We spent the next half hour of our precious baby's life holding her, taking in all her details, trying to etch them into our memory forever. I was so out of it from the pain relievers- that this time is a blur for me. I wish I would have never had that second dose. I was so drowsy... The hospital chaplain came to give her a name blessing,bless his heart.... I have a feeling this young fellow had never been through anything like this as for most of the time he was there...he was speechless...and one of the only things he could think of to say was “Well Tom, how are you feeling?” Poor Guy!! It was then that Tom told him we just needed some time with our baby by ourselves. He left pretty fast!! But we are thankful he was there to bless our baby.
Alyssa Grace Trotter then quietly went to Heaven in her Daddy's arms on Nov.14 about a half hour after she came to us. Our nurse occasionally checked in on us to see if we needed anything. She dressed Alyssa for us and took some pictures, before she took her away forever. As I cried afterwards—she said she could bring her body back to me if I needed...but I knew if she brought her back- I would never let her go willingly again...and I was so tired. Maybe I should have drifted into a soft nap with my baby..and then let her go...all the what ifs..ya know? I now also wish I would have had the chance to give her a bath and dress her myself. After Alyssa was gone and Tom went home to check on our daughter, my parents came to the hospital to support me as well. Tom and I had decided beforehand that we wanted to share our time with our baby before she died with no one- but us. I also now wish I would have let my parents see and hold their granddaughter... for their hurt was not only for their loss of a granddaughter but because there own daughter was hurting as well.
I was discharged from the hospital later that evening. I just wanted to go home and hold my husband and my other daughter. But at the same time I didn't want to leave knowing my baby was still there somewhere.... This was the first of many nights... where I sat at my bedside, crying, rocking , and just telling Tom, “I just want my baby back, I just want my baby back, I just want to hold her one more time”...over and over and over.....
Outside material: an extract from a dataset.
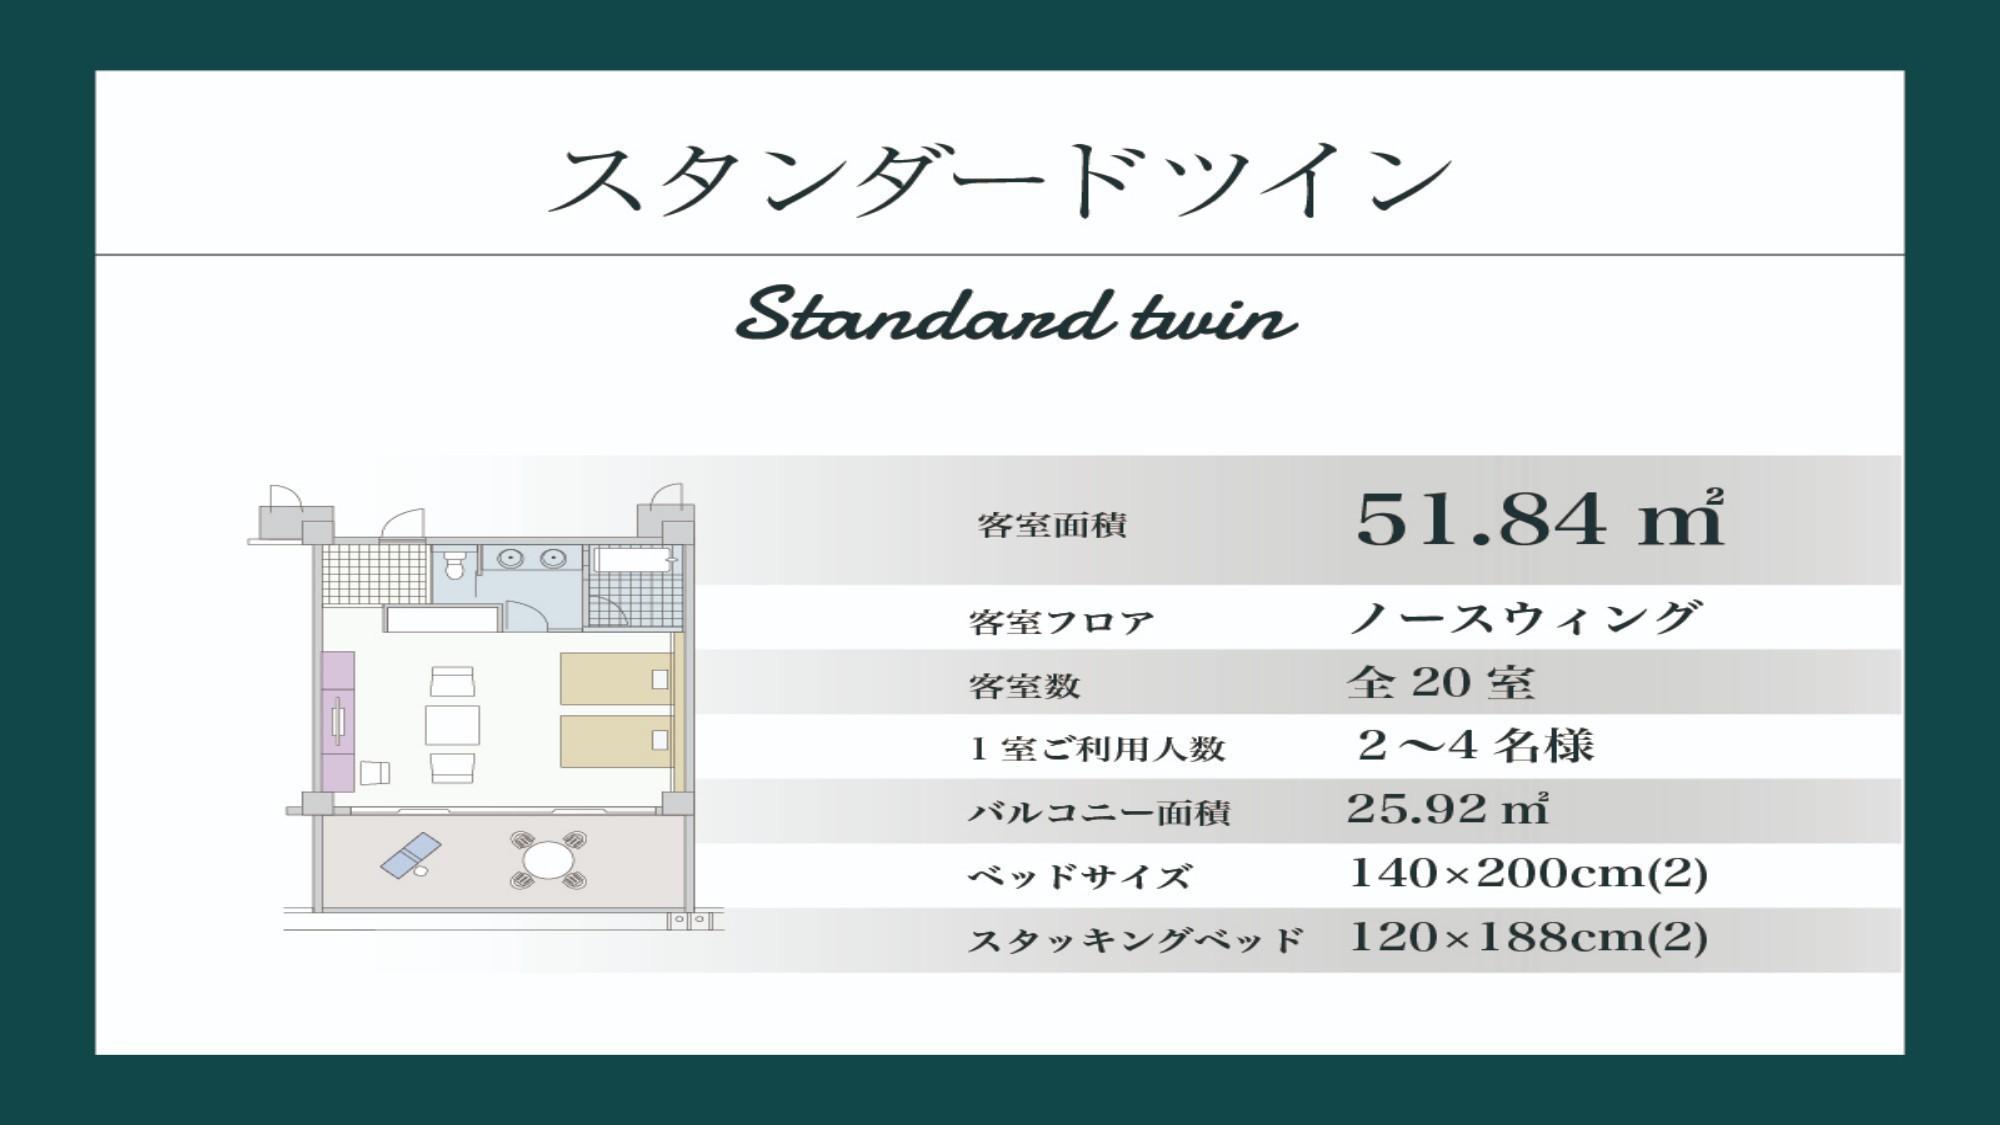 【リニューアル/スタンダードツイン/51.84平米】ノースウイング棟1・2階(間取り図)

We held a beautiful graveside service for her at dusk a few days later. She is buried at the foot of my Grandfather's grave in my hometown. It is a comfort to know she isn't out in that big old cemetery all alone. I cried from the minute we drove up to the cemetery to the minute we left. We sang “Jesus Loves You” as members of our family and Tom and I all took turns walking over to her and leaving her a rose. We also did a balloon release. It was beautiful. To make the day even worse...my milk came in...something the nurses said “most likely wouldn't happen....”
It was weeks, even months before I ever saw the sun come up in a positive way again. I had to tell myself that there was no amount of tears in the world that was going to bring her back, to find the strength to turn the page and begin the new journey to move on.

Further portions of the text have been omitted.